In many ways, Phil Knight’s life fits the stereotypical mold of stories about finding yourself — he goes on a trip around the world in his 20s, with a particular desire to go to Japan to pitch a company about letting him distribute their shoes in America. He became obsessed with shoes in college, after writing a paper on them and after his track coach made his shoes from scratch. It’s this quirkiness in the people that fill out Knight’s life, along with his humor and humbleness, that makes this memoir stand out.
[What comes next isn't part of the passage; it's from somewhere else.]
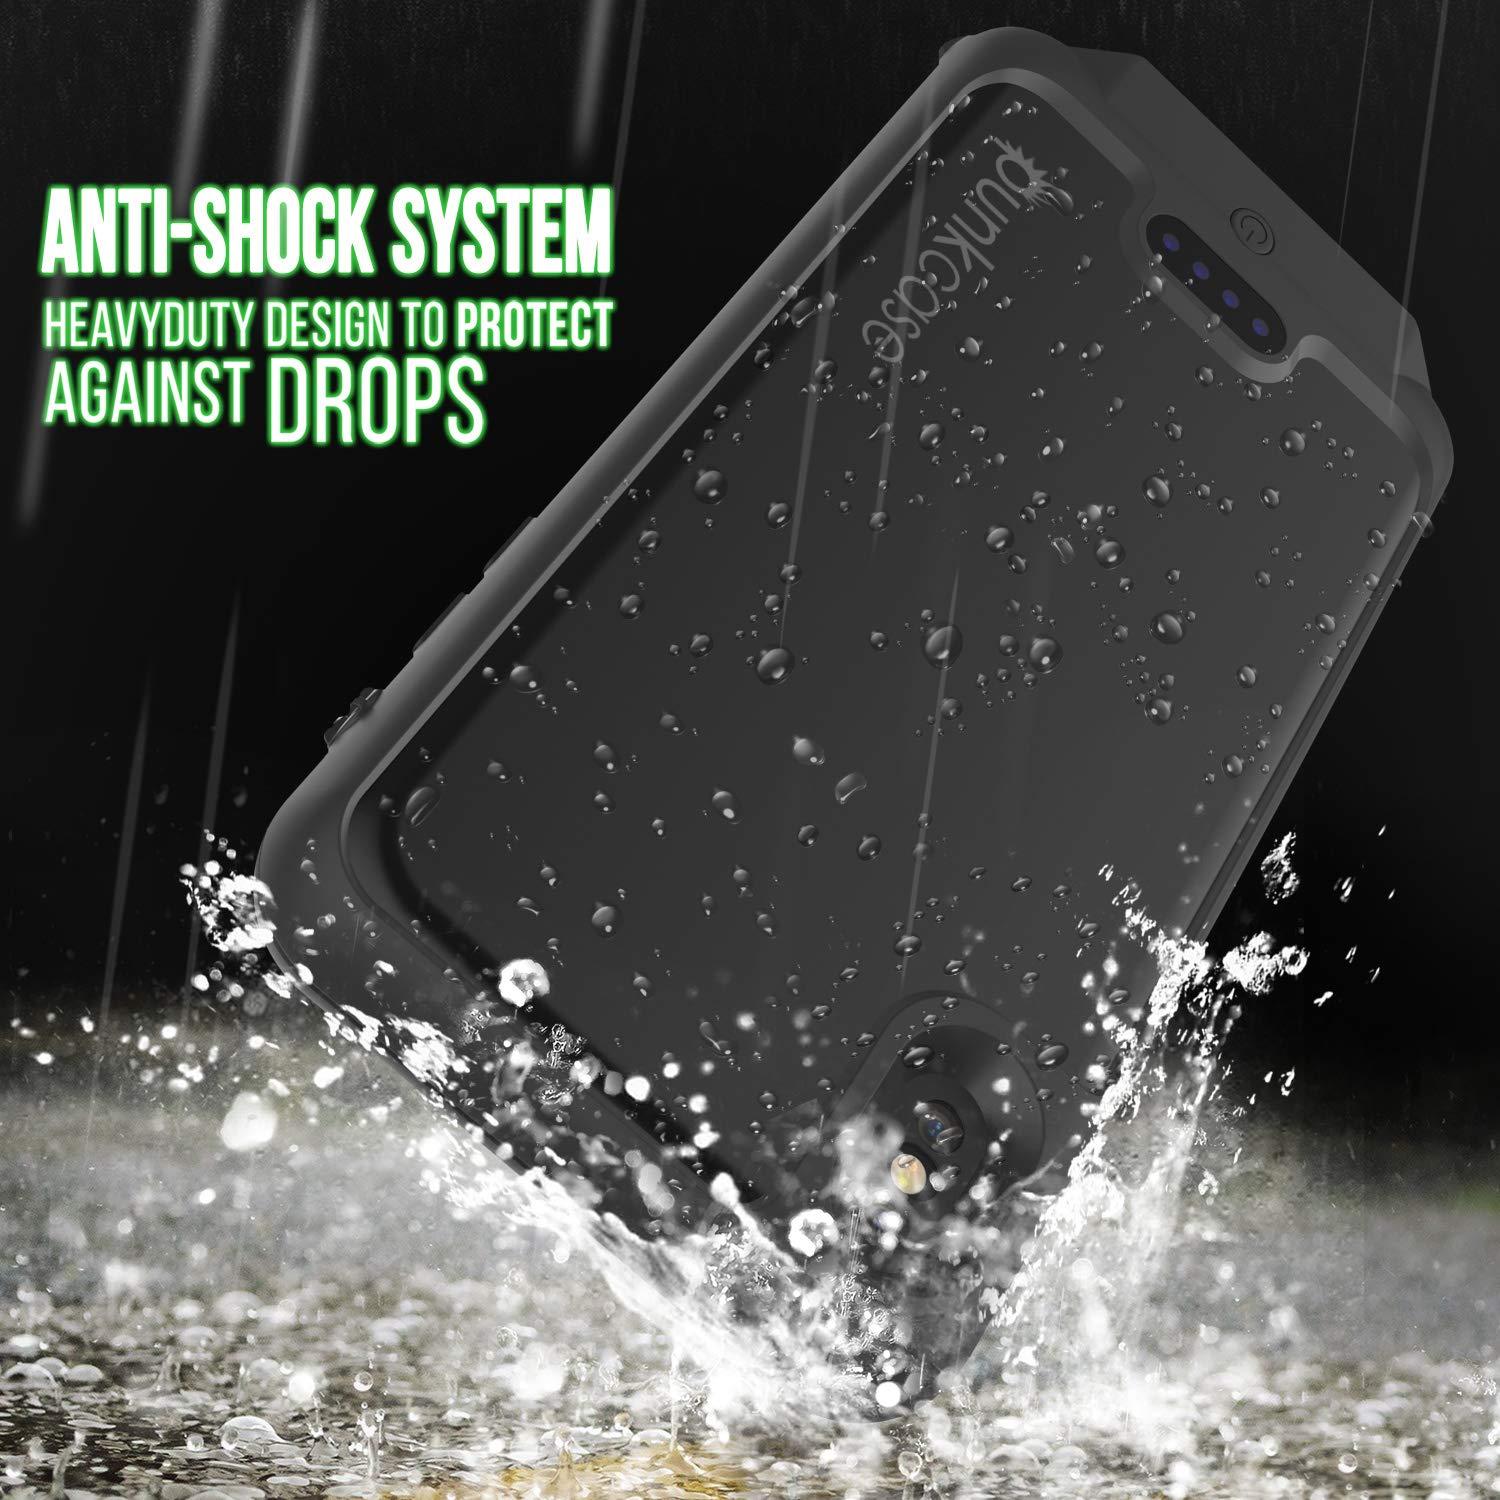 PunkJuice iPhone XS Battery Case, Waterproof, IP68 Certified [Ultra Slim] [Black]

It’s also, naturally, full of business lessons. What’s the trick to selling? Not thinking of it as selling: “I believed that if people got out and ran a few miles every day, the world would be a better place, and I believed these shoes were better to run in. People, sensing my belief, wanted some of that belief for themselves. ... Belief is irresistible.” I truly believe this book lives up to its irresistible hype.
Tifa: Not ready to let go of Halloween, but also looking forward to Thanksgiving? If you love jack-o’-lanterns, pumpkin pie, and autumn-themed decor, check out Pumpkin: The Curious History of an American Icon for a a fascinating history of not just pumpkins, but our cultural ties to them. This relatively quick read lays out the agricultural, social, symbolic and even a bit of the mythological history of the gorgeous gourd and how it went from a poor man’s food staple to a beloved symbol of autumn. Ever wonder why Peter Pumpkin Eater put his wife in a pumpkin shell? Or why The Headless Horseman threw a jack-o’-lantern at Ichabod Crane? Or why Cinderella rides off to the ball in a pumpkin? Grab your PSL and go beyond the basics (see what I did there?) in this insightful and fascinating look into the history of the American pumpkin.